Years later, when I was living in the house on the lagoon, I began to write down some of those stories. My original purpose was to interweave the woof of my memories with the warp of Quintín’s recollections, but what I finally wrote was something very different.
HEN BUENAVENTURA MENDIZABAL, QUINTÍN’S
father, arrived on the island, he built himself a wooden cottage on the far side of Alamares Lagoon, a forgotten stretch of land that had been only partially cleared of wild vines and thickets. There was a spring nearby which the residents of the area had once used. A stone fountain built around it had been maintained by a caretaker, since it was considered public property. In recent years, however, people had forgotten all about it. The caretaker, an arthritic old man who lived next to the spring, had stopped keeping it up, and soon the mangrove swamp had enveloped it completely.

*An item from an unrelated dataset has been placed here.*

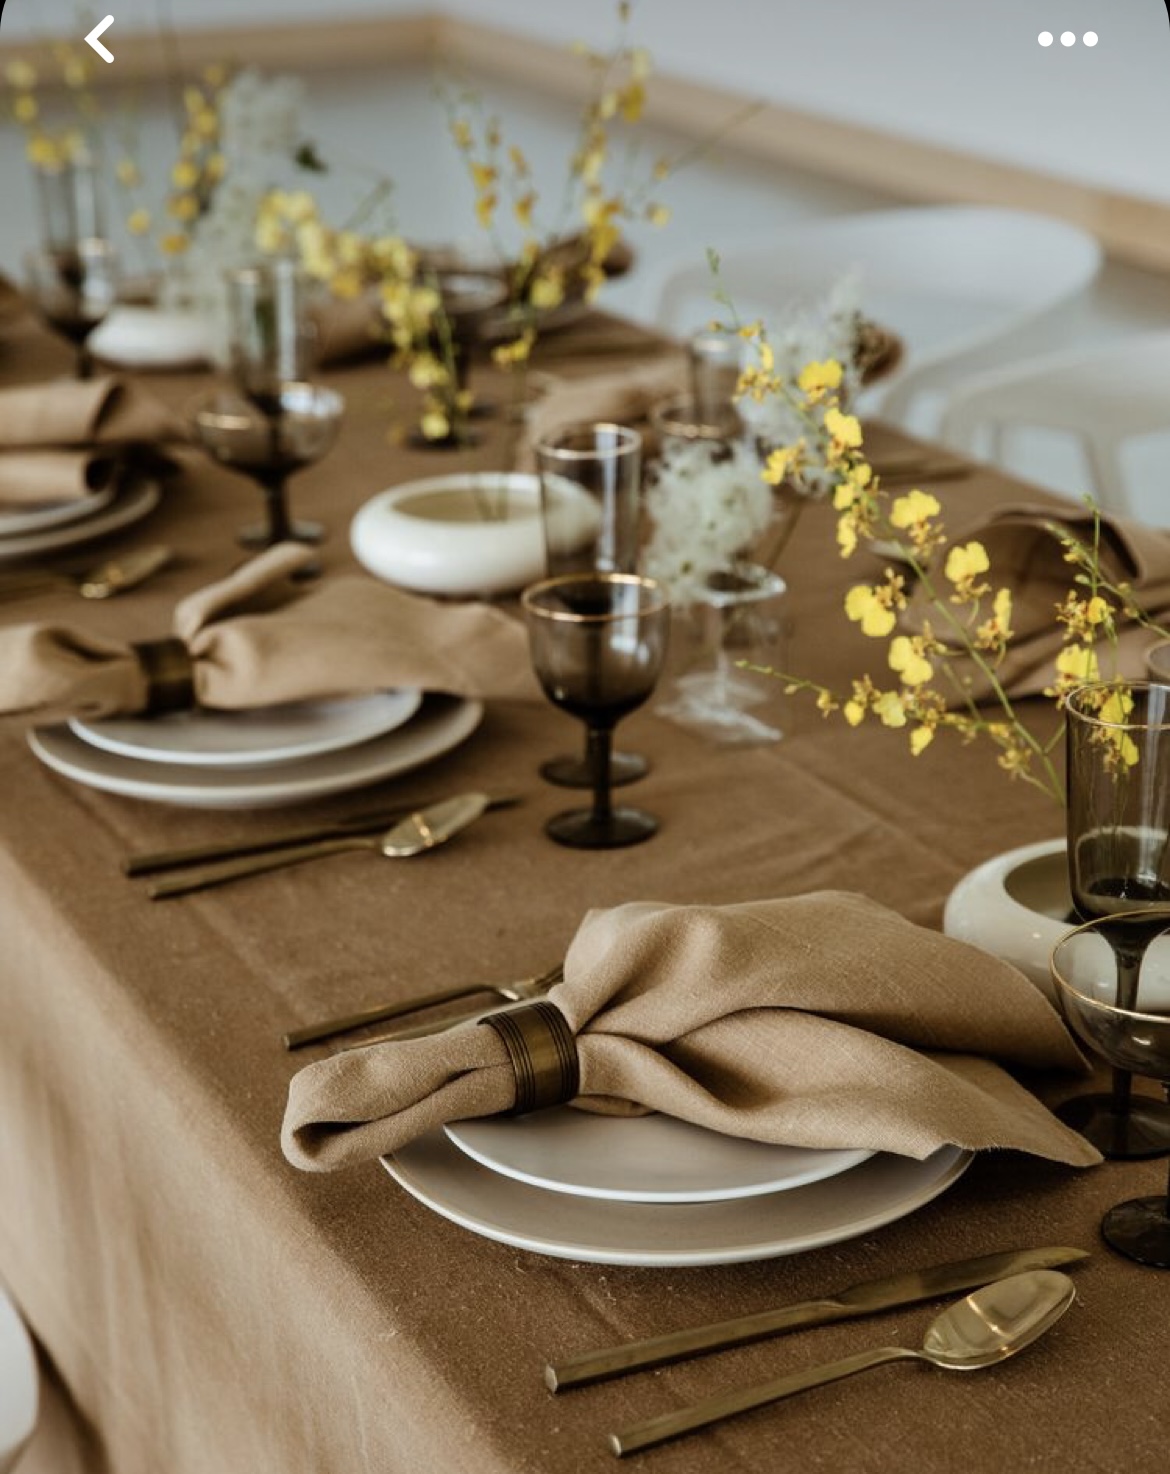 This is what you need to know to set an organic table easily

Half a kilometer down the beach stood the beautiful houses of Alamares, one of the most exclusive suburbs of San Juan. Alamares stood on a strip of land crossed by a palm-crested avenue—Ponce de León Avenue—with water on either side: the Atlantic Ocean to the north, and Alamares Lagoon to the south. The more public side of the avenue looked out to the Atlantic, where the surf was always swelling and battering the sand dunes; and the more private one opened onto the quiet beach of the lagoon. This beach ended in a huge mangrove swamp, and only the tip of it was visible from Alamares. When he moved to the area, Buenaventura built a modest cottage precisely at this site, where the mangrove swamp met the private beach of the lagoon.